> [TASK OBJECTIVE]: Give an exact copy of the data that follows, but none of its pictures.

> [GIVEN DATA]:
--- START ---

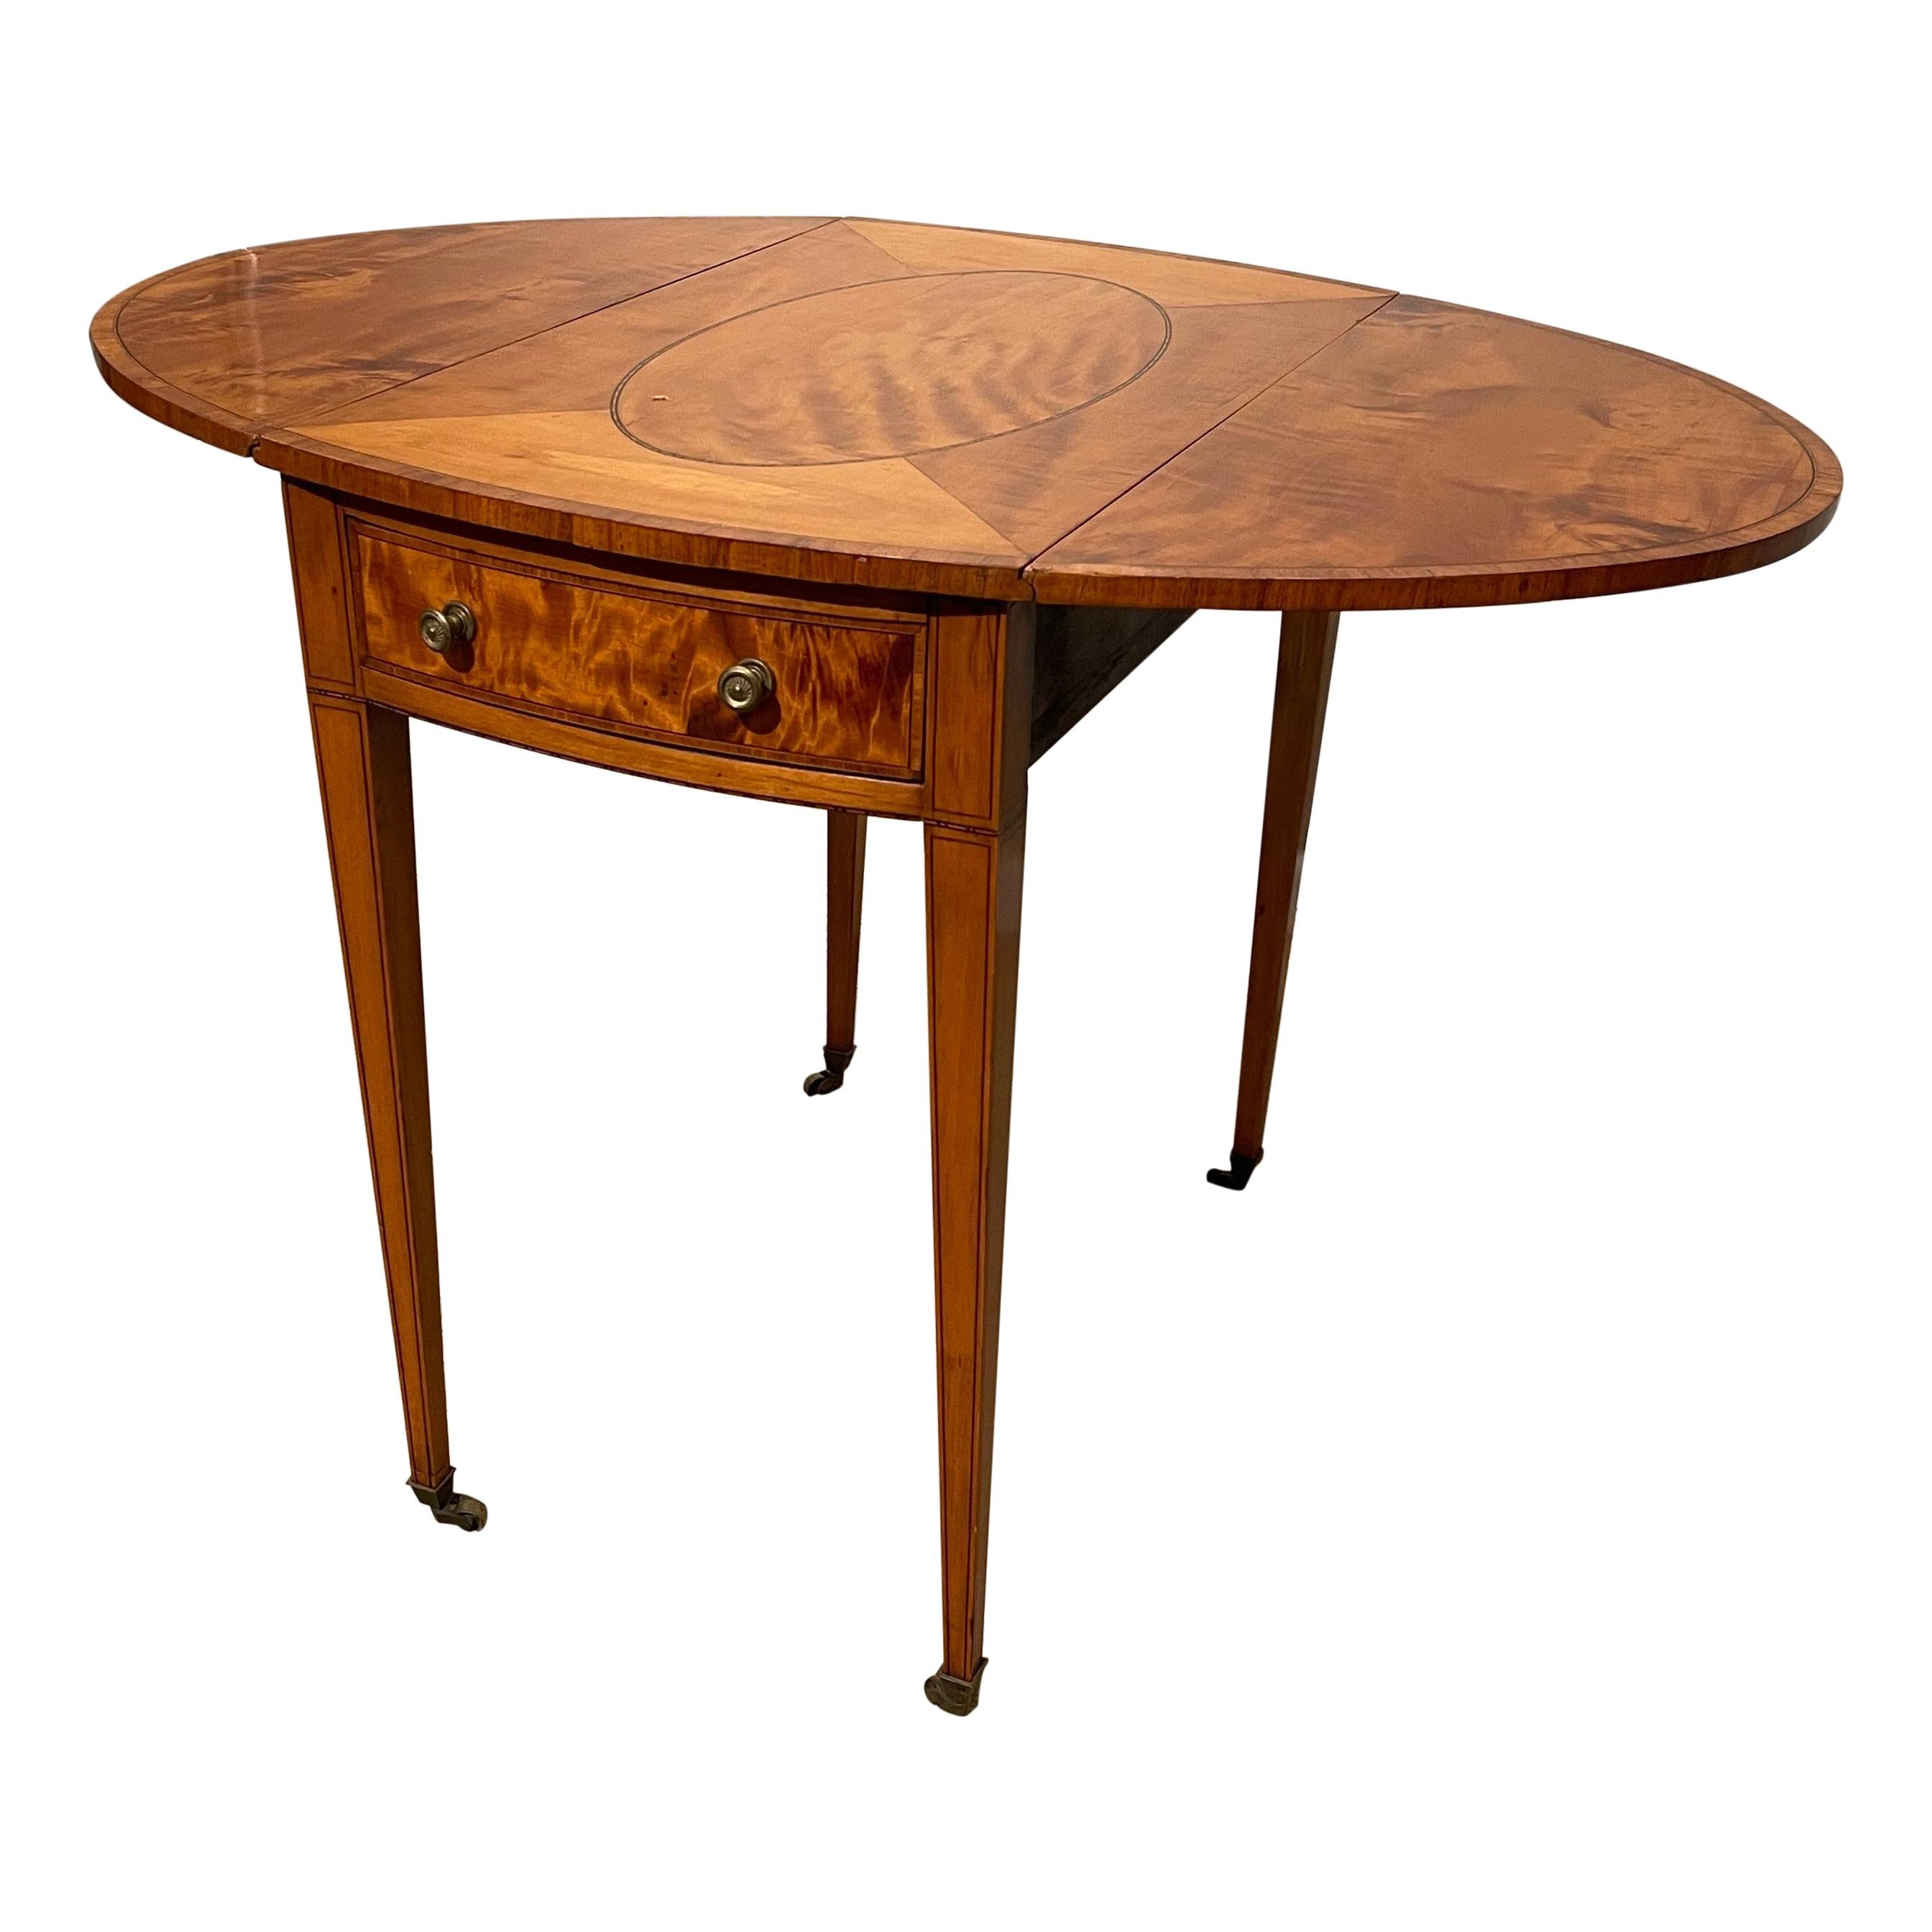 Table ovale Sheraton Pembroke en bois de citronnier, vers 1790
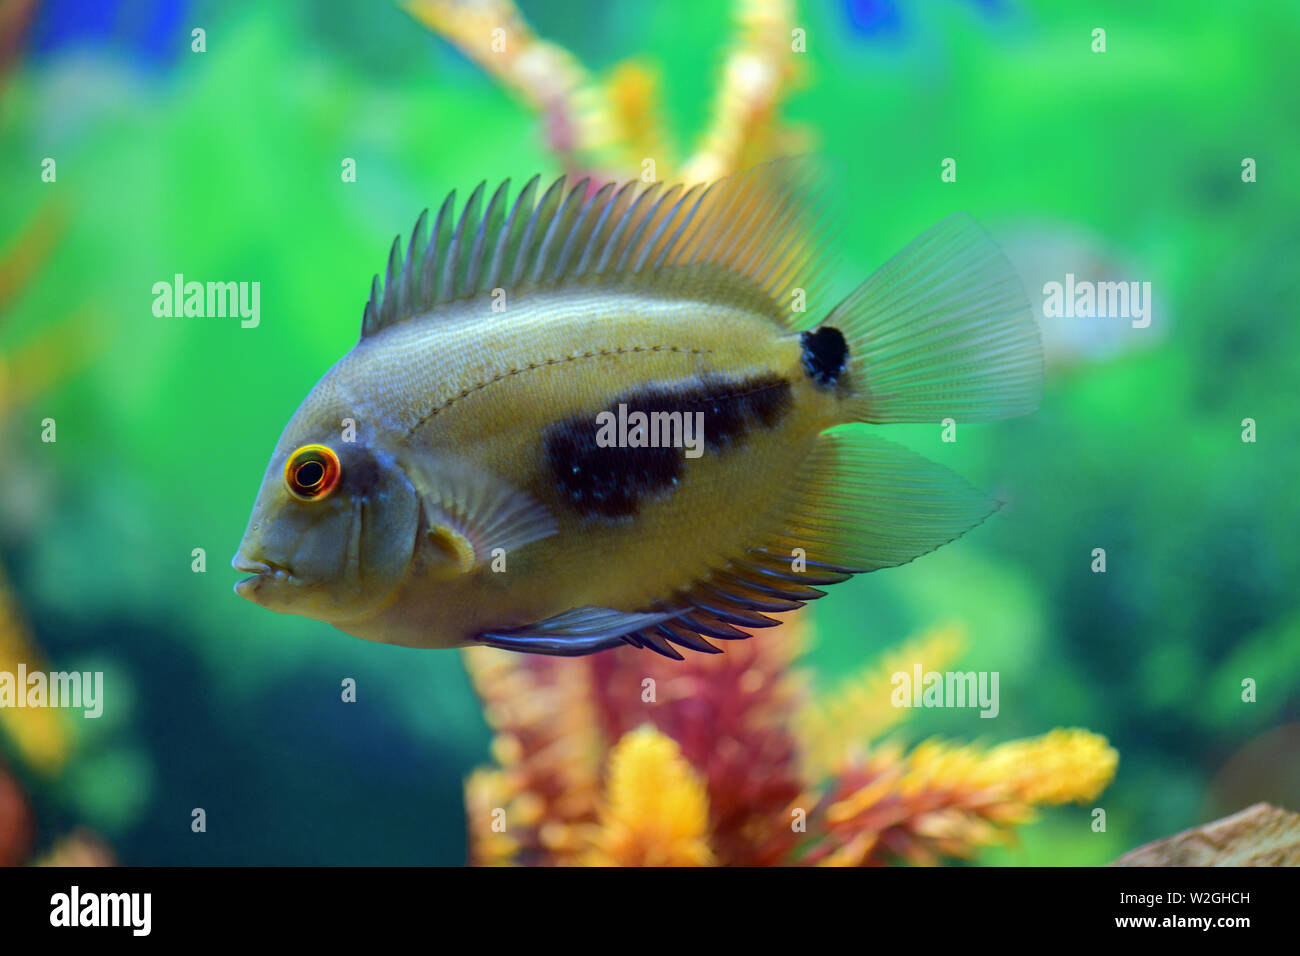 Uaru amphiacanthoide  black-spotted fish swims in a transparent aquarium with a beautiful bright design Stock Photo
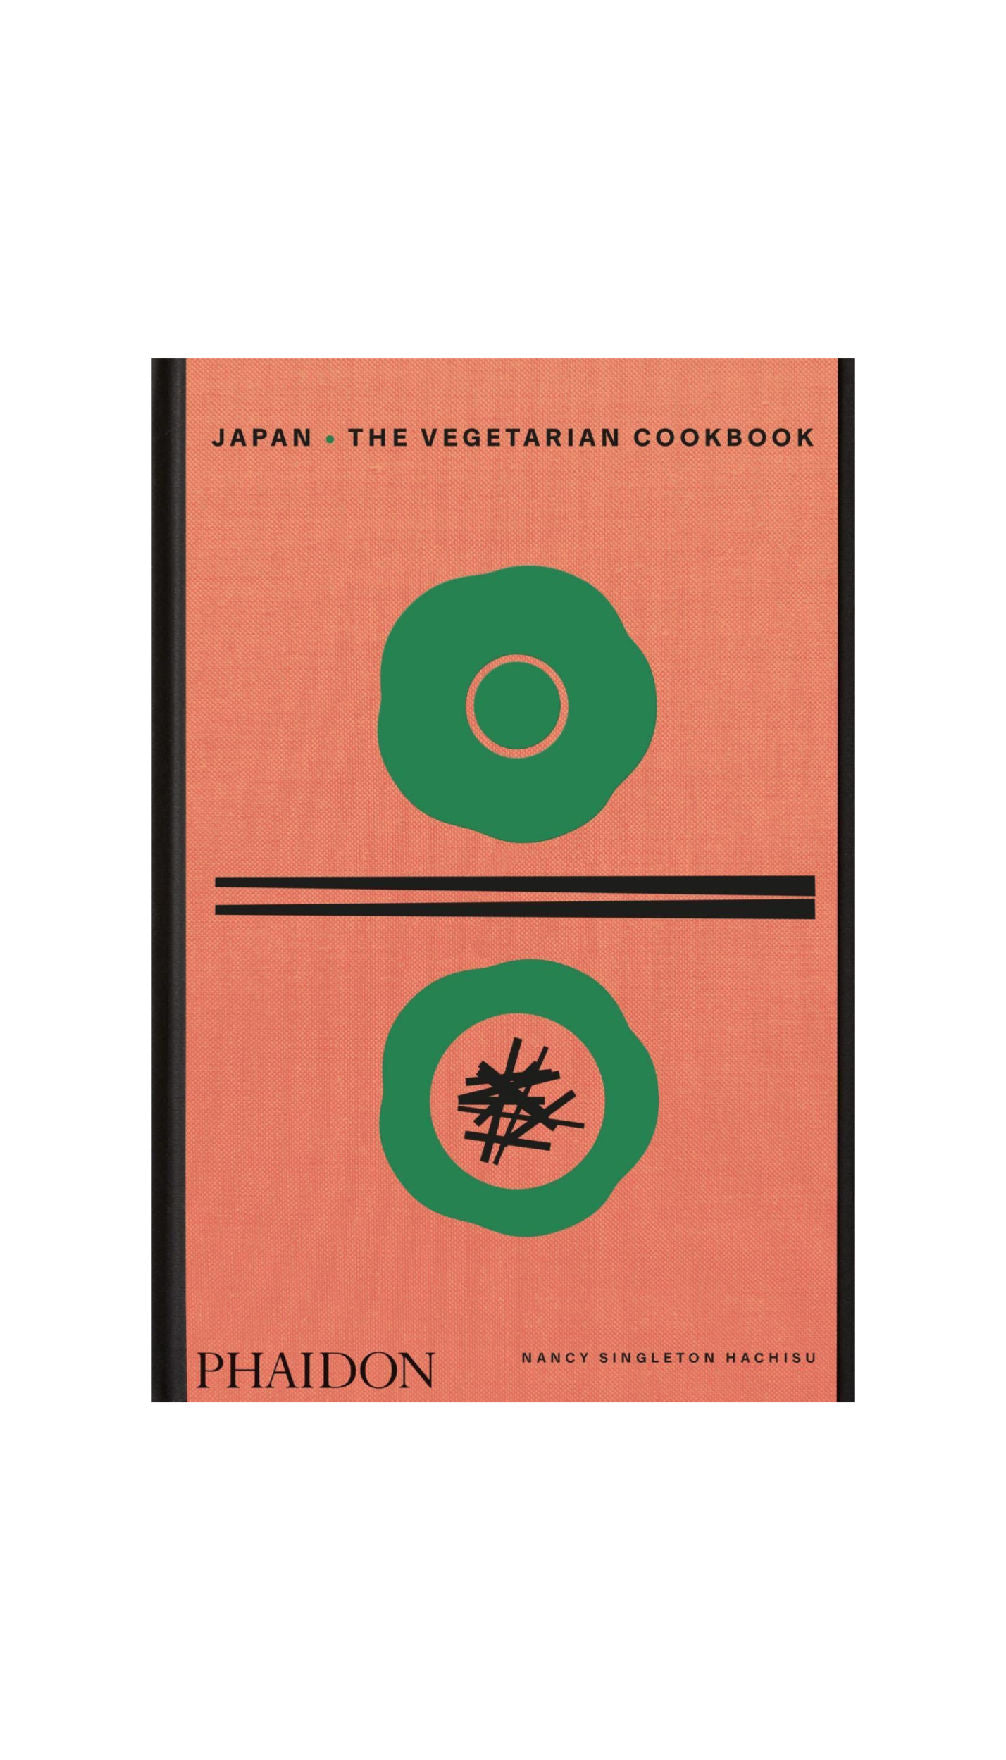 Japan: The Vegetarian Cookbook / NANCY SINGLETON HACHISU

--- END ---

> [SOLUTION TO THIS TASK]:
 Table ovale Sheraton Pembroke en bois de citronnier, vers 1790
 Uaru amphiacanthoide  black-spotted fish swims in a transparent aquarium with a beautiful bright design Stock Photo
 Japan: The Vegetarian Cookbook / NANCY SINGLETON HACHISU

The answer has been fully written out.